# Microtask 2

## Aim of the task: 
Analysis of data fetched by perceval on a per-quarter basis.
This includes (but not limited to) :

- The number of new committers per quarter
- The number of new issue and pull request submitters per quarter
- The total number of issues, commits and pull requests per quarter

This task is exactly the same as microtask 1, except for the fact that this one is supposed to be done using pandas. Thus, only the points that differ from microtask1  will be discussed here.

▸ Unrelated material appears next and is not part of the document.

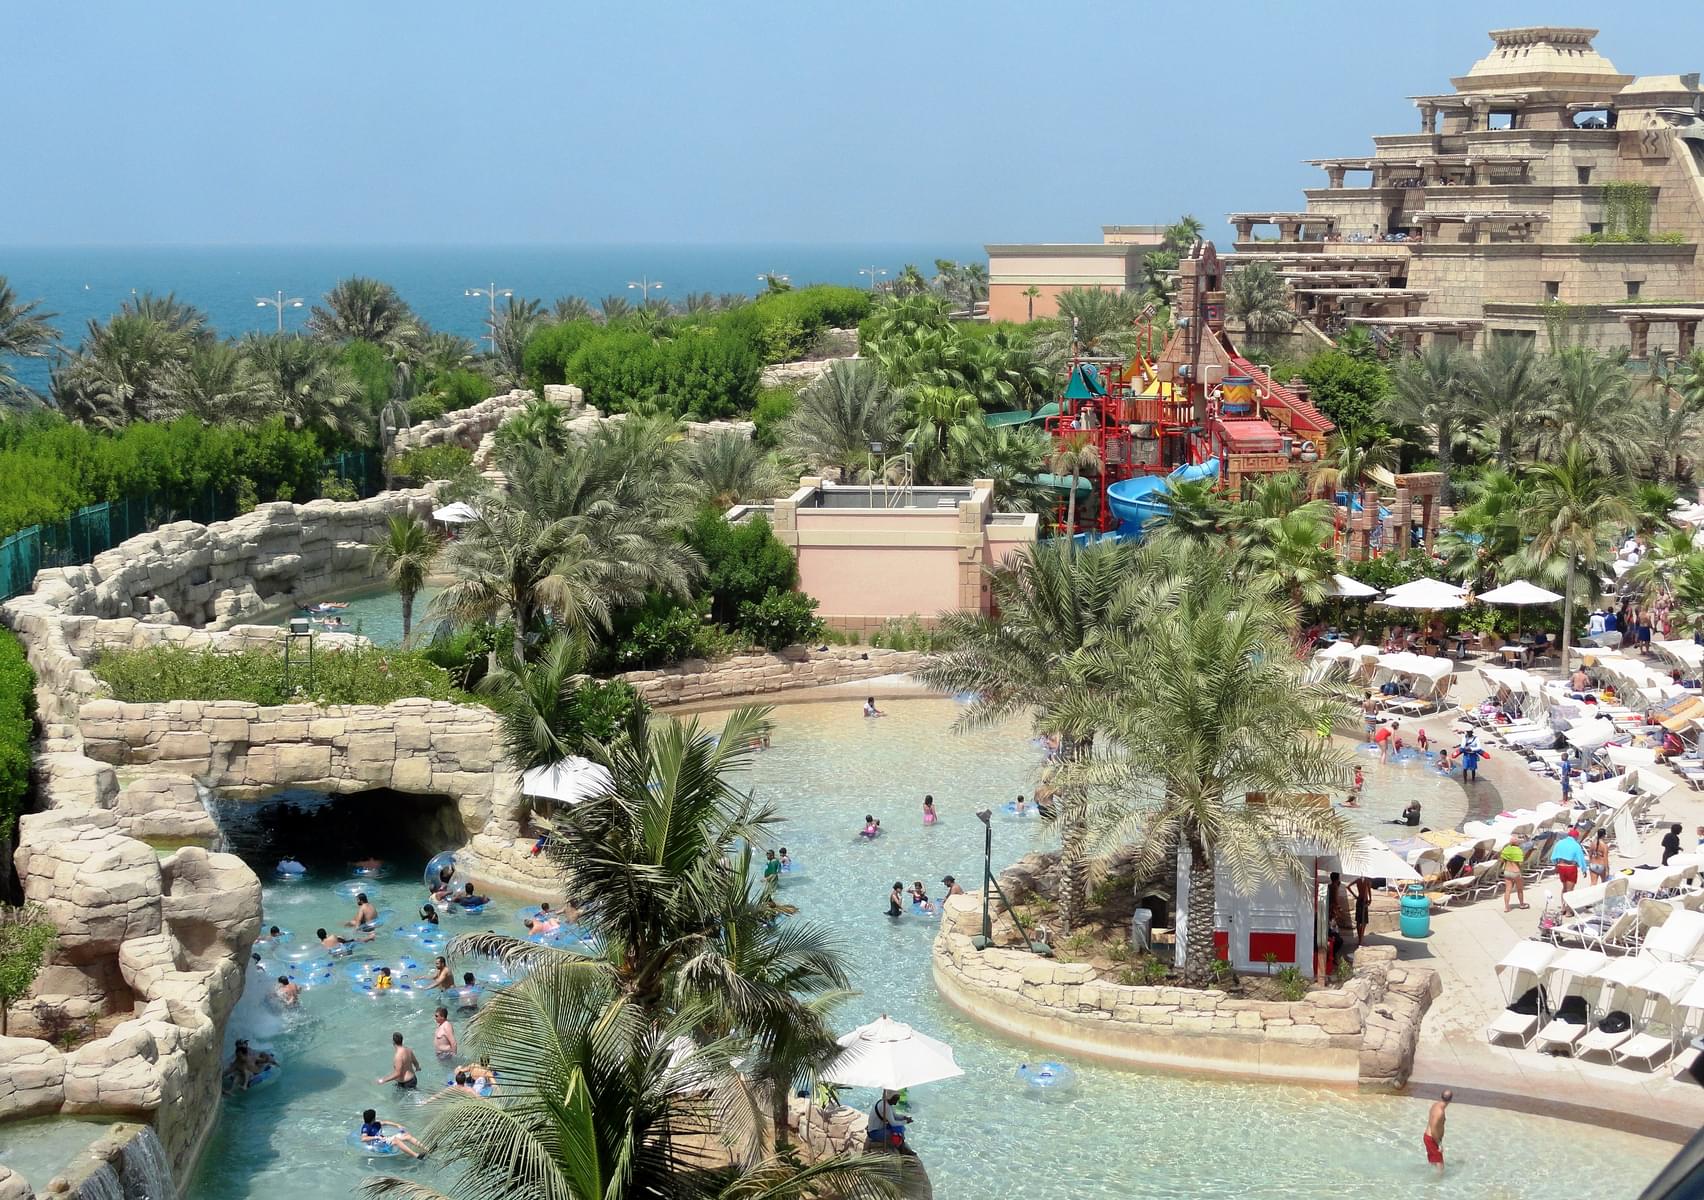 Visit Atlantis Aquaventure Waterpark in Dubai

The data used and the method of data collection is the same as that of microtask 0 and hence is not mentioned here.  

In [1]:
import json
import csv
import datetime
import pandas as pd

In [2]:
# Here both start year and end year are included
start_year = 2017
end_year = 2018 

quar1_dates = {"start_date": "01-01", "end_date": "03-31"}
quar2_dates = {"start_date": "04-01", "end_date": "06-30"}
quar3_dates = {"start_date": "07-01", "end_date": "09-30"}
quar4_dates = {"start_date": "10-01", "end_date": "12-31"}

old_committers = set()
old_issue_subs = set()
old_pr_subs = set()

In [3]:
class Quarter:
    
    def __init__(self, number, year):
        self.number = number    
        self.year = year   
   
        self.num_commits = 0  
        self.num_issues = 0
        self.num_pullrequests = 0
        
        self.new_committers = 0
        self.new_issue_subs = 0
        self.new_pr_subs = 0
        
        self.start_date = ""
        self.end_date = ""
        
        if self.number == 1:
            self.start_date = str(self.year) + '-' + quar1_dates["start_date"]
            self.end_date = str(self.year) + '-' + quar1_dates["end_date"]
            
        if self.number == 2:
            self.start_date = str(self.year) + '-' + quar2_dates["start_date"]
            self.end_date = str(self.year) + '-' + quar3_dates["end_date"]            
            
        if self.number == 3:
            self.start_date = str(self.year) + '-' + quar3_dates["start_date"]
            self.end_date = str(self.year) + '-' + quar3_dates["end_date"]
            
        if self.number == 4:
            self.start_date = str(self.year) + '-' + quar4_dates["start_date"]
            self.end_date = str(self.year) + '-' + quar4_dates["end_date"]
        
            
    def is_includes_data(self, date):
        if self._str_to_dt_quarter(self.start_date) <= self._str_to_dt_data(date) < self._str_to_dt_quarter(self.end_date):
            return True

        return False
    
    def add_analysis(self, datapoint):
        if datapoint['category'] == "commit":
            self.num_commits += 1 
            
            if datapoint['author'] not in old_committers:
                self.new_committers += 1
                
            old_committers.add(datapoint['author'])
            
                
        if datapoint['category'] == "issue":
            self.num_issues += 1 
            
            if datapoint['author'] not in old_issue_subs:
                self.new_issue_subs += 1
                
            old_issue_subs.add(datapoint['author'])
            
                
        if datapoint['category'] == "pull_request":
            self.num_pullrequests += 1 
            
            if datapoint['author'] not in old_pr_subs:
                self.new_pr_subs += 1
                
            old_pr_subs.add(datapoint['author'])
    
    @staticmethod
    def _str_to_dt_data(date):
        try:
            datetimestr =  datetime.datetime.strptime(date, "%a %b %d %H:%M:%S %Y %z").strftime("%Y-%m-%d")
            
        
        except ValueError as ve:
            datetimestr =  datetime.datetime.strptime(date, "%Y-%m-%dT%H:%M:%SZ").strftime("%Y-%m-%d")
        
        finally:
            datetimeobj = datetime.datetime.strptime(datetimestr, "%Y-%m-%d")
            return datetimeobj    
        
    @staticmethod
    def _str_to_dt_quarter(date):
        
        datetimeobj =  datetime.datetime.strptime(date, "%Y-%m-%d")
        return datetimeobj
    
    def __str__(self):
        return str(self.number) + " " + str(self.year)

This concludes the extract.